A tall mountain of beautiful granite that stood unbaulking against the time that parted around it. The earth sprawled out before this mountain and every line of the landscape below would fall ever changing as days rolled onward. The forrests would breathe with life, growing lush and then becoming bare as fire blossomed from their branches. The snaking rivers charged onward, wavering from wide to narrow, flowing from slow to fast, all the while carving beautiful shapes into the land as they moved. Elsewhere, the mountain would watch the rain circle the land and give life to places where the rivers could not touch. The glinting beauty of this silver rain would always bring the mountain joy as it danced from sky to ground: flashes of its lightning striking fast and illuminating the clouds with fleeting moments of dazzling light, each one drawing attention to the symphonic tension of air that heralded a storm’s close arrival.
Drawing themselves to full height, clouds would then sweep outward, like titanic castles of growling white so spectacular that they dwarfed the land and hung so impossibly to a sky set alight by the setting sun.
It was lonely then, like the absent sky of summer blue, no one would visit the mountain in its days of nobility; the figures at its base too small to hear, the mountain could only watch as the world slowly changed. Not knowing how it came to be, the mountain’s peak grew cold; not able to hear, it’s sides became steep. It withdrew into this hollow and looked to find friends in the wind, river and rain.

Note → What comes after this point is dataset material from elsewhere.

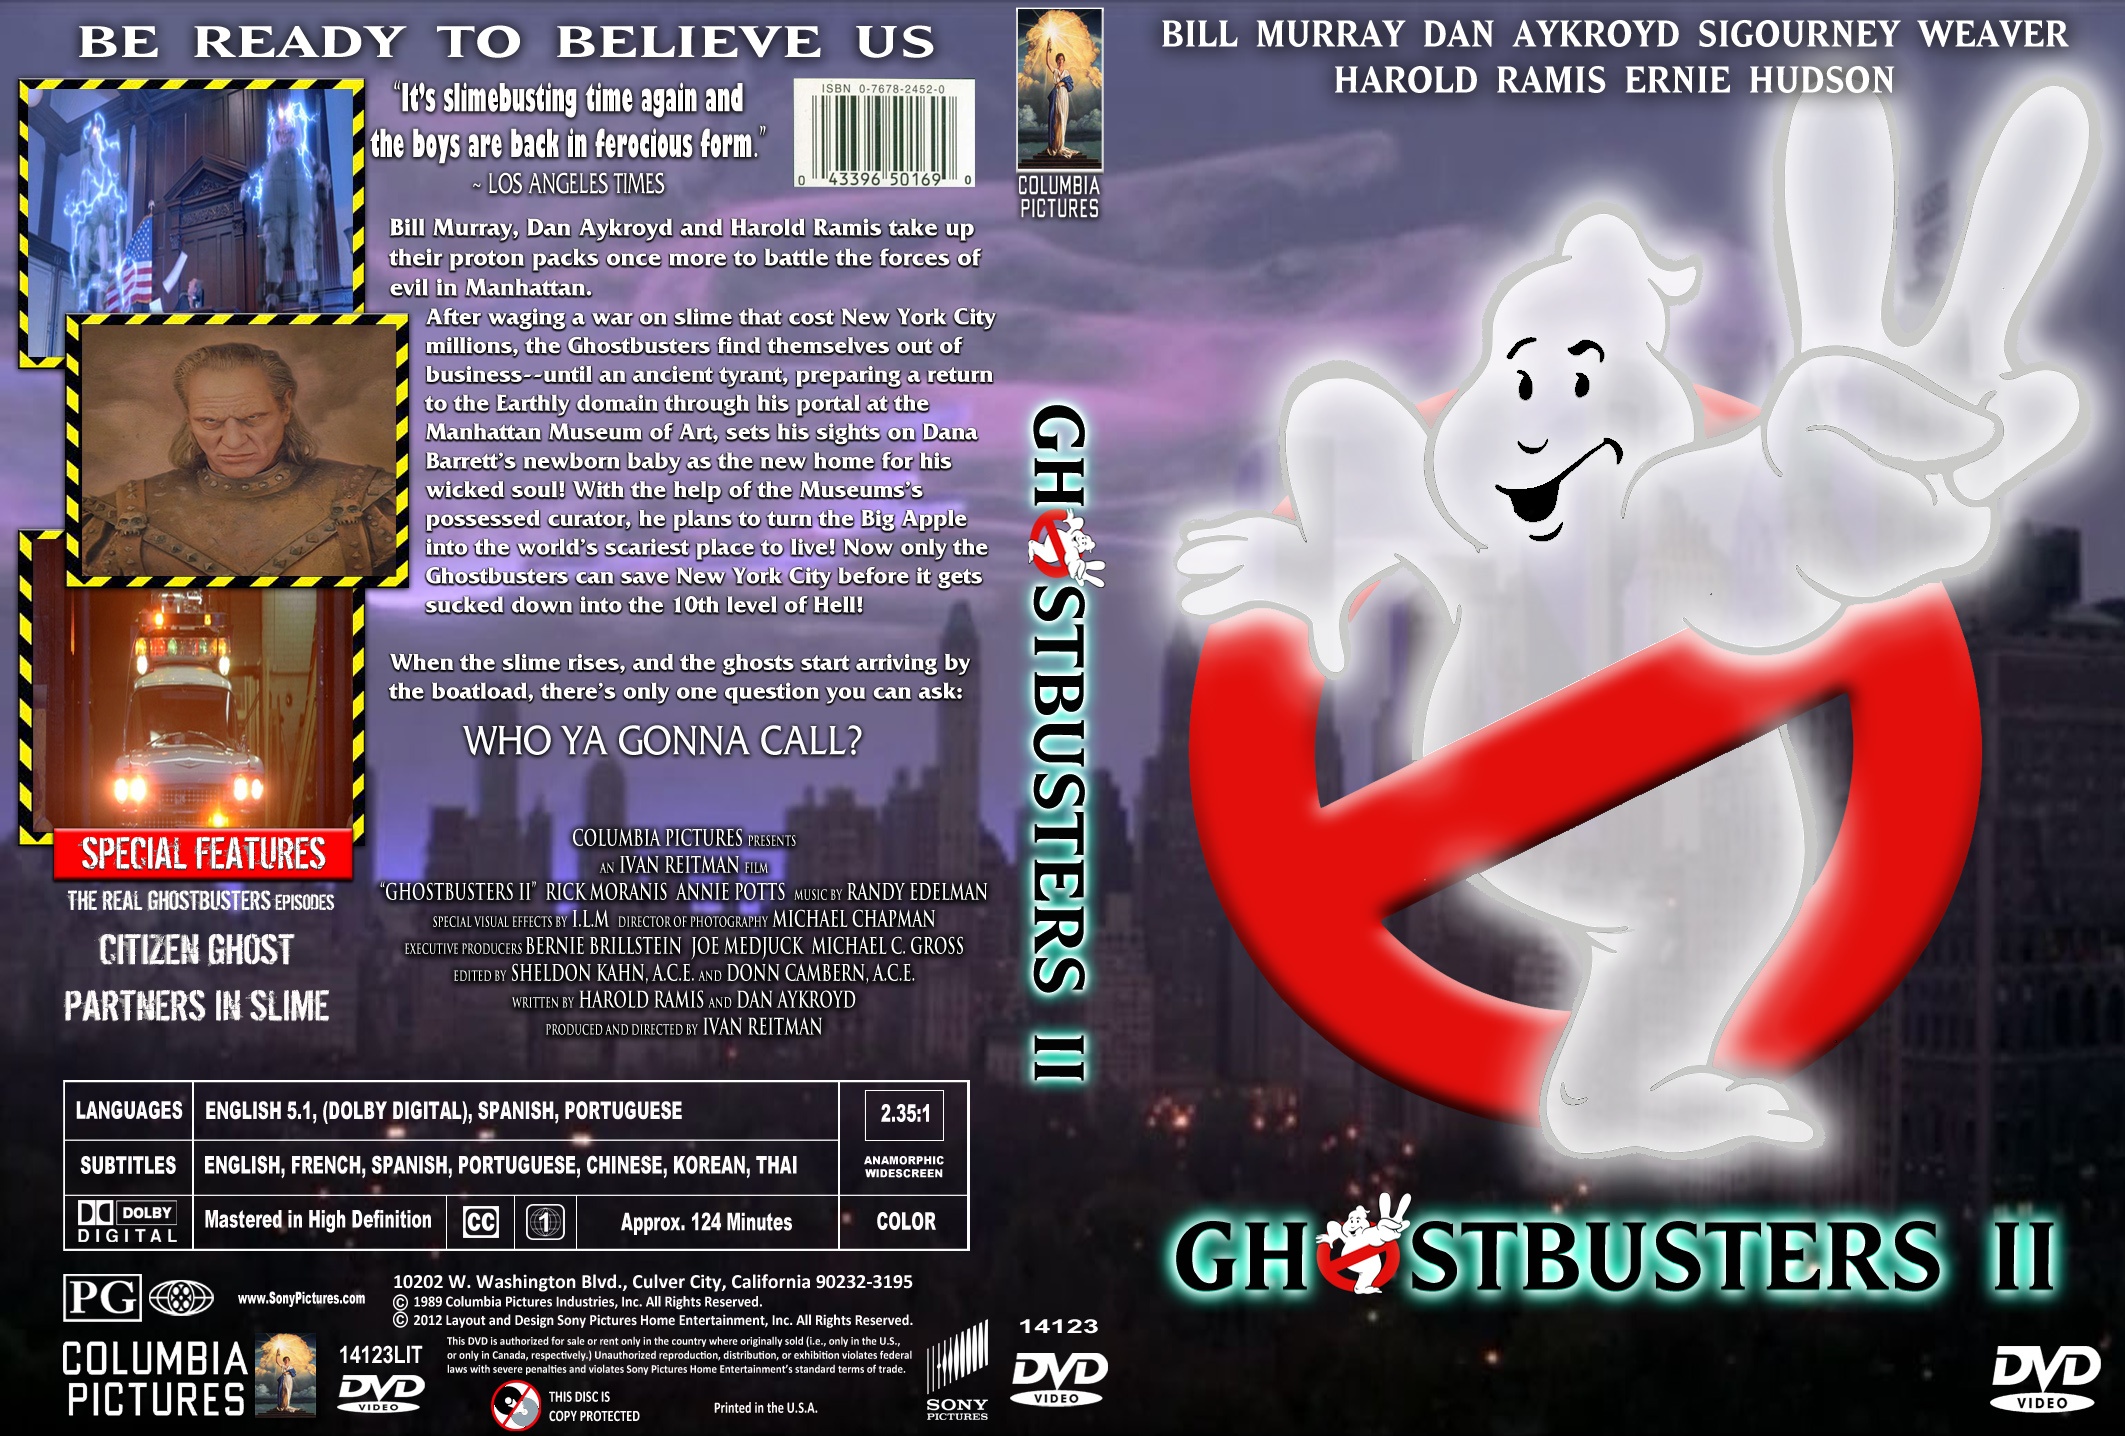 Ghostbusters II box cover

The river would then steal from the mountain, to its granite walls its water would run, taking rock greedily as it lay its bed with beautiful pebbles and stone. Seeing this, the wind would sweep upon the mountain, galling and gusting, it tore height from the peak of the mountain and dressed its hidden body with dust and snow.
The clouds would then cast down rain and reduce the mountain further, not able to see something so grand as to challenge them. So jealous of the mountain where these three, that they stole and lashed and struck, until only a single stone remained, one now weaker than the river’s tide and one lost to the land that created it.
The stone looked to the ocean and was amazed, this expanse of silent sea that did not age or crumble. It seemed that every life in this world contained some small ember of beauty that lived beyond its simple means, but the ocean would always shine the brightest; It’s waves grew stronger than the wind’s mighty gale, it’s depths became unreachable for the clouds above, unmoved by the river’s strongest flow, the ocean was simply impassive to these things. It existed so presently, so complete, but for some reason it too seemed alone.
A gentle wave meandered up the beach and reached out to the base of the stone. For a moment, the old mountain was no longer lonely.